# 4824
For a variety of reasons, the true incidence of infectious diseases around the world really isn’t known.
Some countries lack a good surveillance and reporting system, testing may be unobtainable or unreliable, and in a lot of cases where the symptoms are mild, many people may not seek medical help.
Even in the United States, the CDC can’t tell us with precision how many people contract Lyme disease each year, or influenza, or even Dengue. Some of the reasons are illustrated in the pyramid chart below.
Which helps to explain why we really don’t know how many people died from the recent pandemic, or how many have succumbed to bird flu around the world.
Official numbers almost always only represent the `tip of the pyramid’. While imperfect, sometimes the best we can do are estimates.
But there is another way that rates of illness can be underestimated, and that comes from a willful attempt to suppress the numbers.
China, infamously, spent months covering up the SARS outbreak in late 2002 into 2003, going so far as to evacuate infected patients from a Beijing hospital in advance of a WHO (World Health Organization) visit.
While promises of more transparency were made in the wake of the SARS debacle, few observers doubt that China continues to suppress disease outbreak information, including H5N1.
Indonesia has been less than open about their bird flu problems, refusing to share virus samples, and delaying the announcement of cases sometimes for months.
Other countries, no doubt, either ignore or hide inconvenient disease surveillance data as well.
Today, we’ve a report in India Today, that asserts that the true number of Dengue cases in the Capital Delhi is being intentionally under reported by authorities.
Neetu Chandra
New Delhi, August 20, 2010
Dengue outbreak figures are being fudged to conceal details of the rapid spread of the disease in the Capital.
Officially, the city has reported 322 dengue cases so far. However, a spot check of 12 hospitals and nursing homes in Delhi showed 1,131 dengue cases at these hospitals alone.
This is merely indicative of the actual figures that could rise quickly in the coming days. There are 1,800 government and private hospitals in the Capital, of which 700 are registered.

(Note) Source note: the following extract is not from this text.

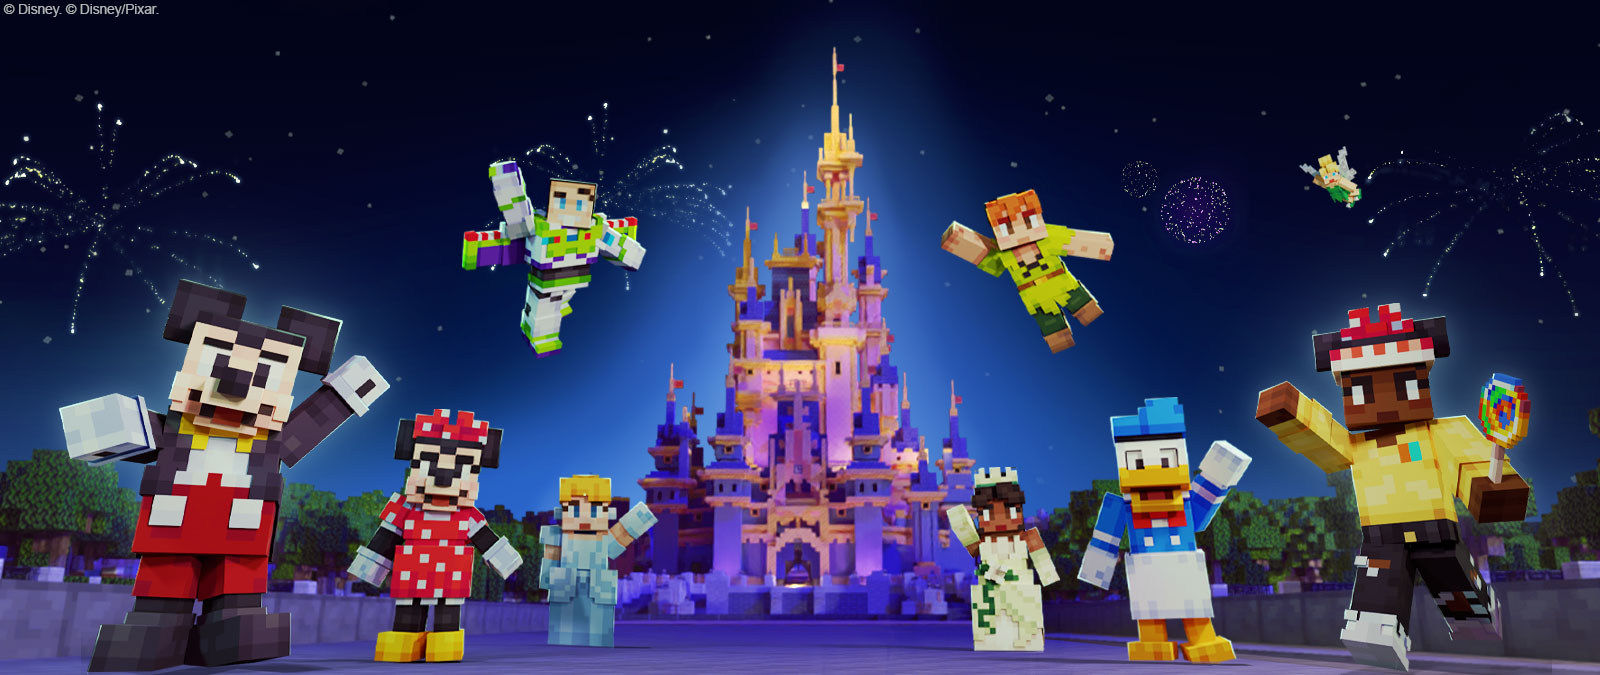 디즈니 성 앞에 모인 Minecraft 스타일의 미키마우스, 미니마우스, 버즈 라이트이어, 신데렐라, 피터팬, 티아나, 도날드 덕, 팅커벨과 또 다른 캐릭터 하나
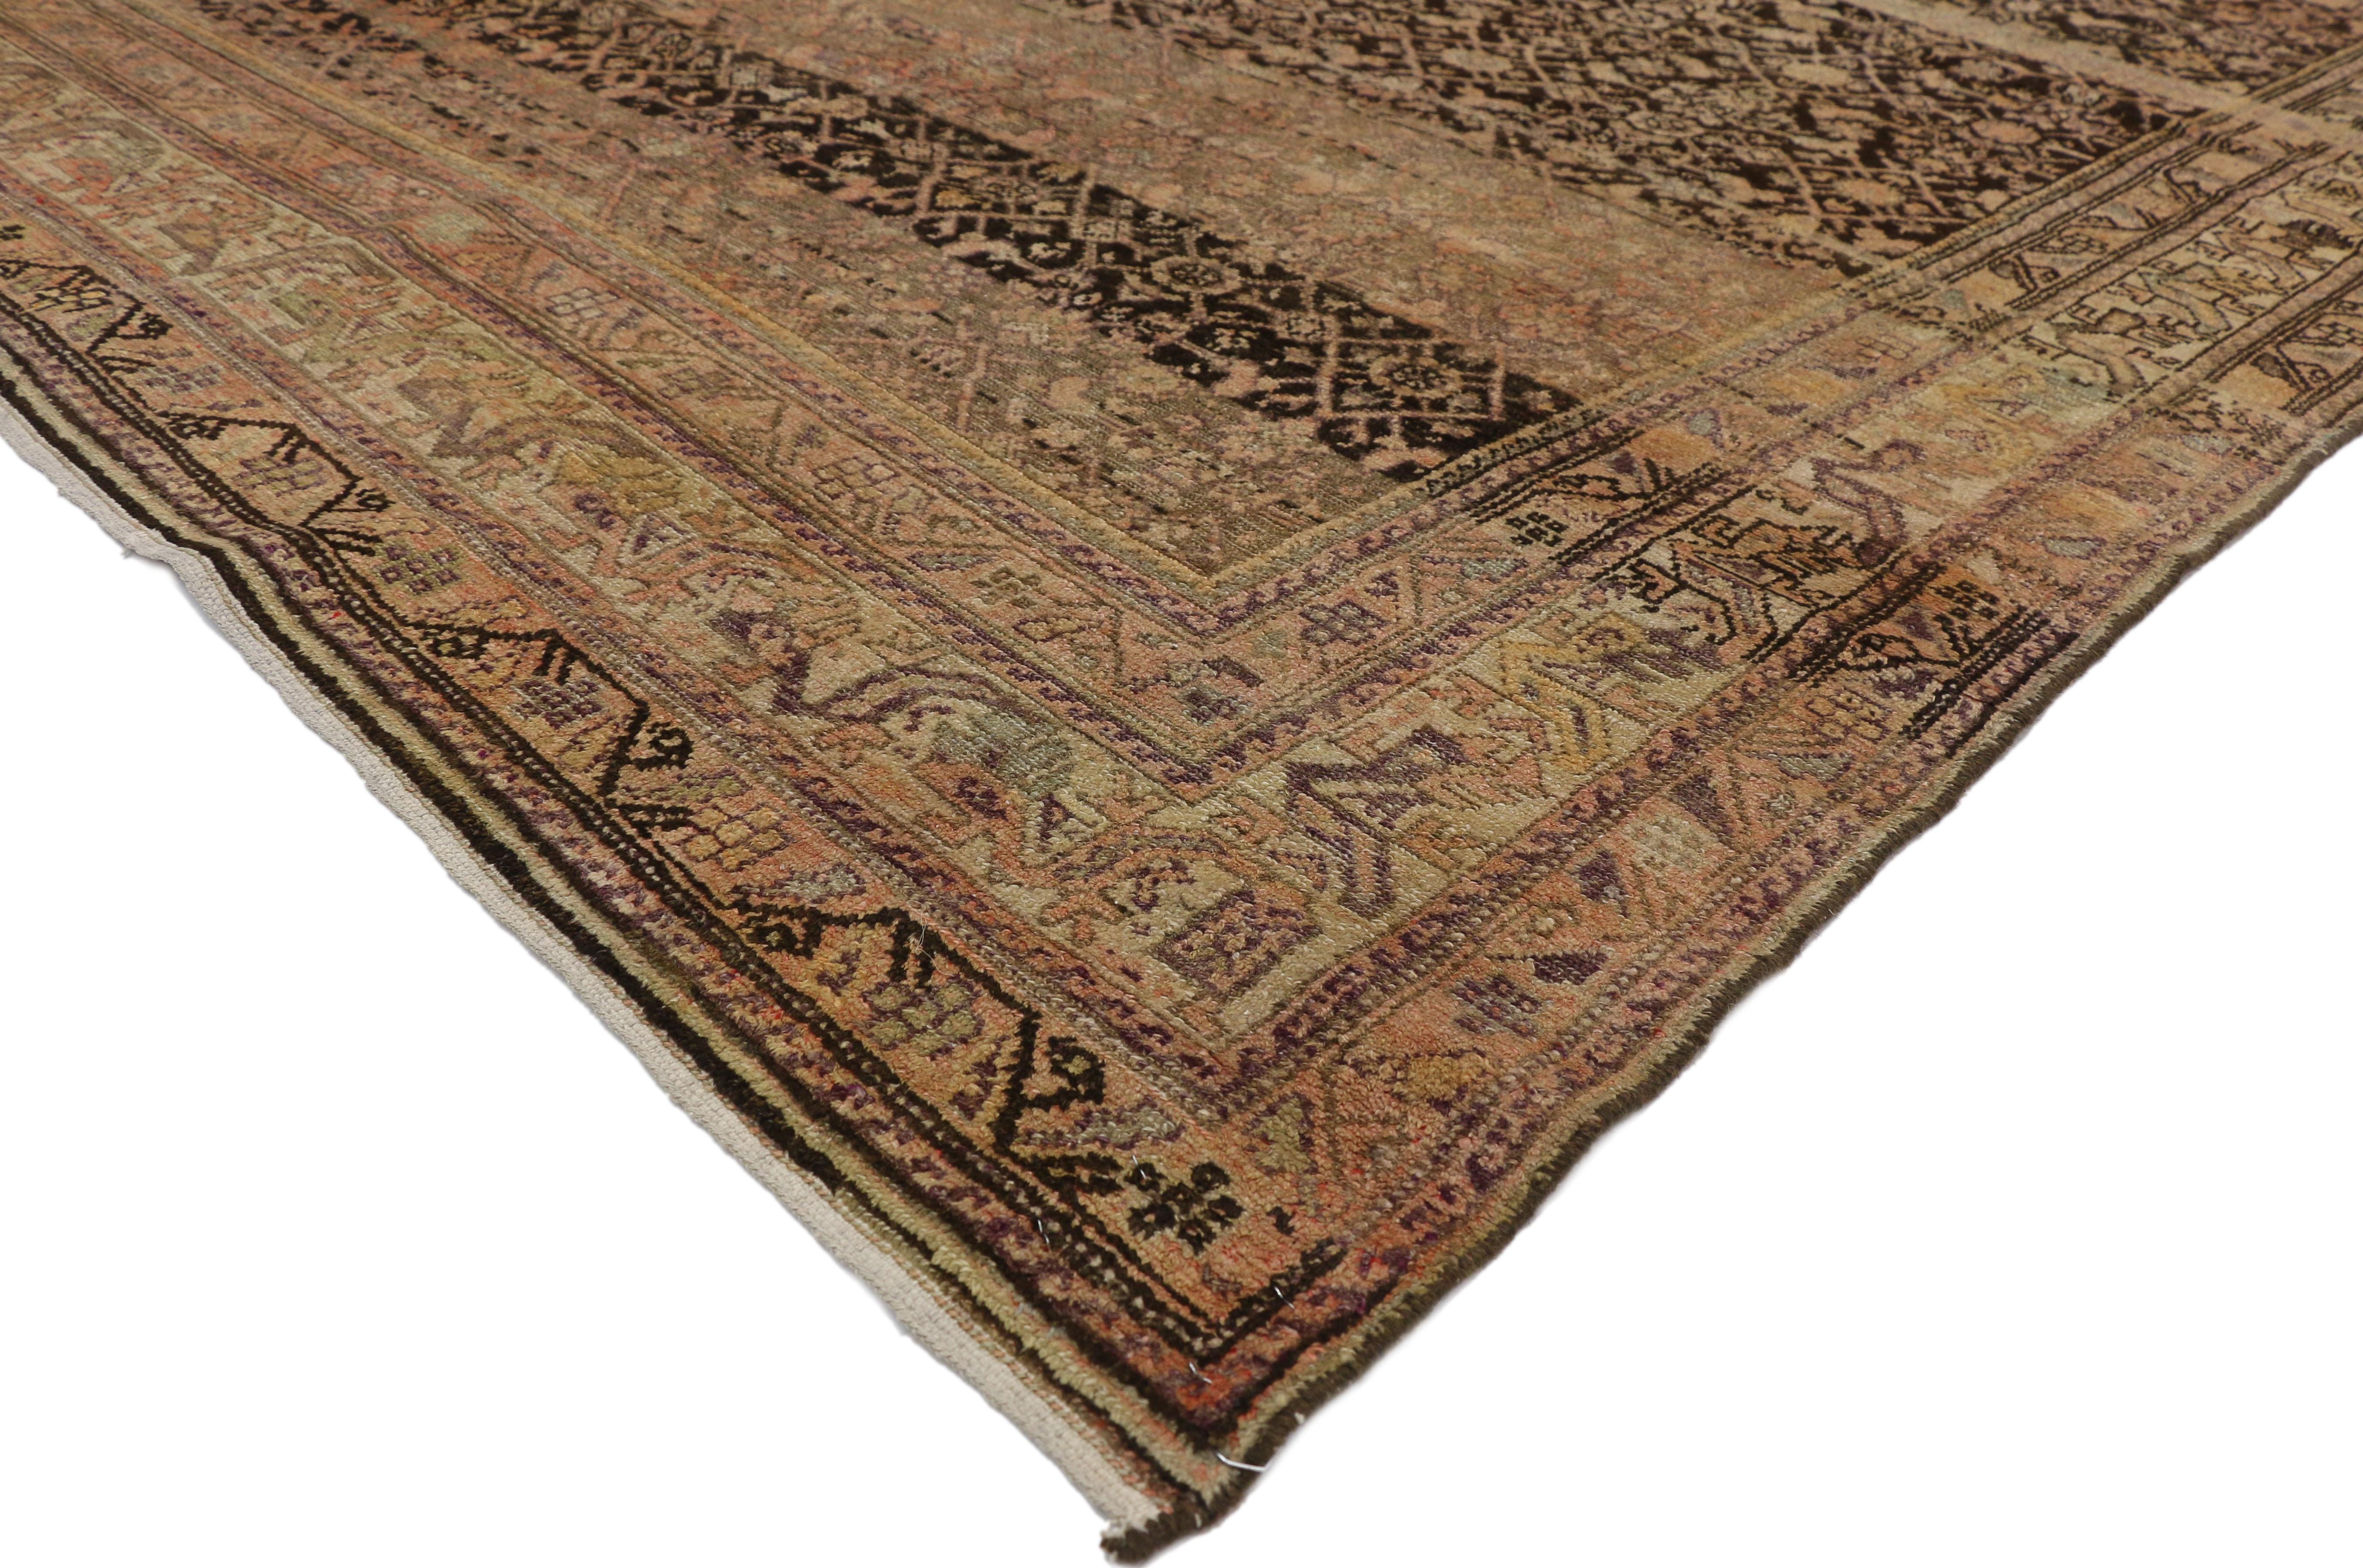 76510 tapis persan ancien Malayer Gallery avec Herati Design, tapis long de salon. Ce tapis galerie Persan Malayer ancien, en laine nouée à la main, présente un motif Herati classique sur toute sa surface. Le motif Herati est l'un des plus répandus

This report goes on to claim that the Municipal Corporation of Delhi (MCD) – which is in charge of controlling Dengue in the City – has pressured hospitals to under-report cases.
Given the muckraking and sometimes hyperbolic nature of Indian Journalism, seeing these sorts of charges in print isn’t unusual.
As to their validity . . . I’ve no idea.
According to the report, some of the undercounting is apparently due to patients settling for a diagnosis based on a physical exam, rather than paying for the confirmatory lab test.
And so those cases are never `officially’ counted.
Whether intentionally withheld (as claimed in this article), or due to circumstances beyond their control, it should come as no surprise that the number of Dengue cases in Delhi far exceeds the official numbers being released by local officials.
Which is why I don’t tend to give case counts and fatality numbers bandied about in the press a whole lot of credence, regardless of their source.